En cambio, con el avance de las décadas y de dos siglos, no se pudo impedir que surgiera una conciencia de identidad común entre las sociedades latinoamericanas. Sobre esa base se cultivó el ideal de la unión entre pueblos considerados como hermanos. Algunos gobernantes lograron expresarlo. El caudillo liberal ecuatoriano Eloy Alfaro incluso pretendió revivir la Gran Colombia y en 1896 convocó a un Congreso continental (se realizó en México) boicoteado por EE. UU. Ese Congreso aprobó un contundente documento contra la Doctrina Monroe, que debía sujetarse al derecho público americano y, además, abogó por la independencia de Cuba y Puerto Rico.
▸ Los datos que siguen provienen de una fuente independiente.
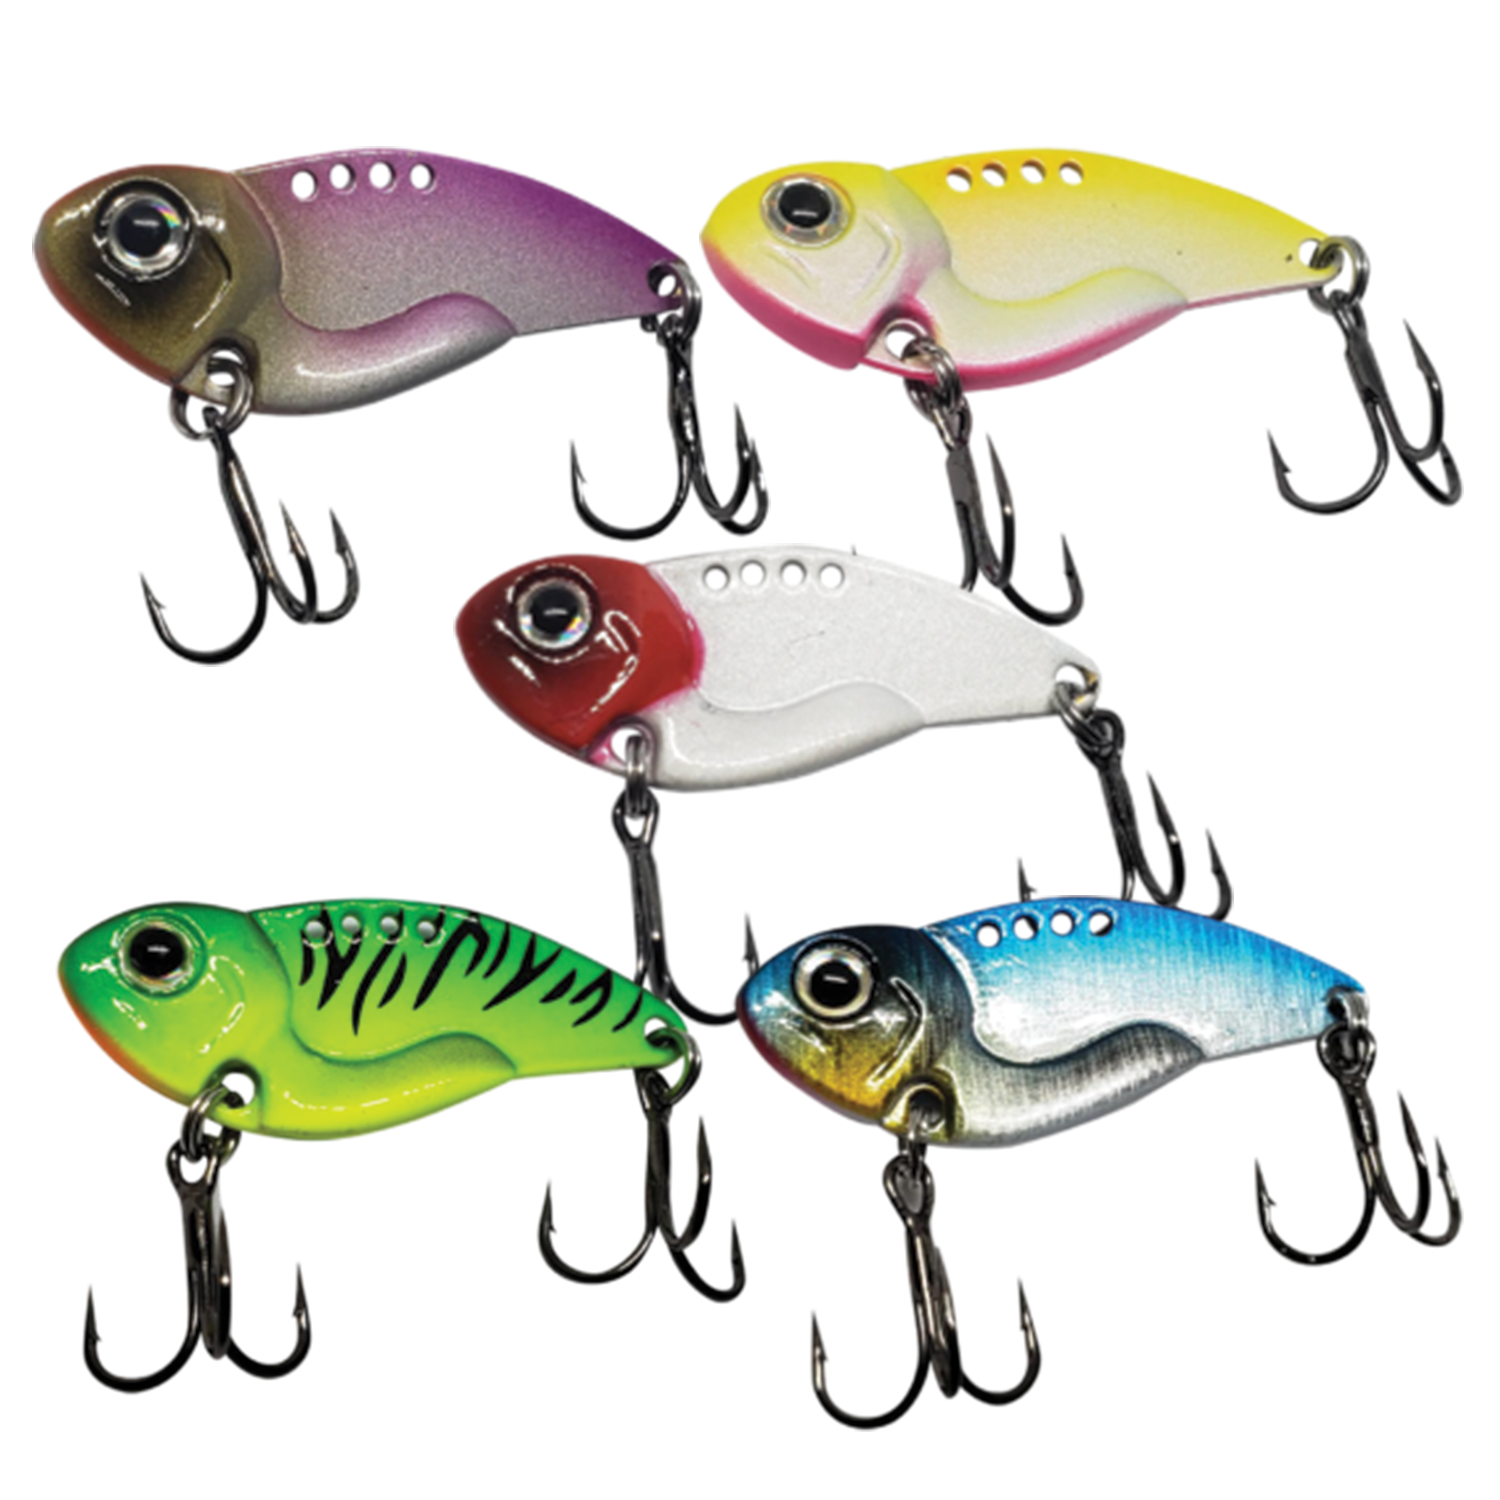 5 Pack Metal Blade Baits for Bass Fishing Lures Hard Metal VIB Fishing  Spoons Crankbaits Swimbaits for Trout Walleye Crappie Saltwater Blade Bait

El latino americanismo social continuó desarrollándose en el siglo XX. Y cada vez más los países y sus historias o coyunturas específicas han pasado a ser conocidas y compartidas, fortaleciendo la hermandad, a pesar de las diferencias y hasta conflictos. Una época de convergencia latinoamericanista inédita se produjo al iniciarse el siglo XXI con los triunfos de gobiernos progresistas que caracterizaron la “marea rosa” de la región. Entonces se articularon políticas y geoestrategias comunes, con cuestionamientos a las “Cumbres de las Américas” promovidas por EE. UU. y la consagración de la CELAC como organismo propio de los países latinoamericanos. El ciclo posterior, en cambio, ha demostrado que los gobiernos empresariales y neoliberales que han ganado terreno en el continente no tienen intención alguna de articular políticas y geoestrategias latinoamericanistas. A todos interesan exclusivamente los buenos negocios, el mercado norteamericano y las relaciones comerciales abiertas con cualquier otro país del mundo, vistas como espacio para la ampliación de las esferas simplemente empresariales. Los resultados sociales de esas políticas son nefastos. Contrastan con ellos los avances de los pocos gobiernos progresistas en la región.

A esa realidad se ha sumado el segundo gobierno de Donald Trump (2025-hoy) que ha proclamado la Doctrina Donroe con el Corolario Trump, según la cual los EEUU no admitirán en el continente gobiernos disidentes ni la presencia de intereses de los países a los que considera como adversarios, a la cabeza de los cuales se ubica China, luego Rusia, pero también los BRICS (https://t.ly/ljTqm). Bajo esas nuevas orientaciones todos los países de América Latina y el Caribe están amenazados. Además, el Secretario de Estado Marco Rubio ha declarado, en forma abierta y directa:

La Administración Trump ya no tolerará regímenes marxistas

radicales en nuestro hemisferio que busquen amenazar l

seguridad nacional de EE. UU. y participar en operaciones de

influencia para exportar su “revolución” venenosa y malvada a

nuestro país y al resto del mundo” (https://t.ly/ZyRmd).

Desde luego, se refleja la reacción de una potencia que ha

perdido su anterior hegemonía y se repliega sobre el

“hemisferio occidental” (América) ante un mundo multipolar

que la ha desplazado.

En el bicentenario del Congreso Anfictiónico de Panamá nuestra América Latina vive una de las épocas más oscuras de la historia contemporánea. La soberanía e independencia de cada país están sujetas al nuevo americanismo donroísta. Y los gobiernos empresariales de la región, con oligarquías en el poder o derechas políticas a su servicio, no tienen problema alguno en subordinarse a semejante posición.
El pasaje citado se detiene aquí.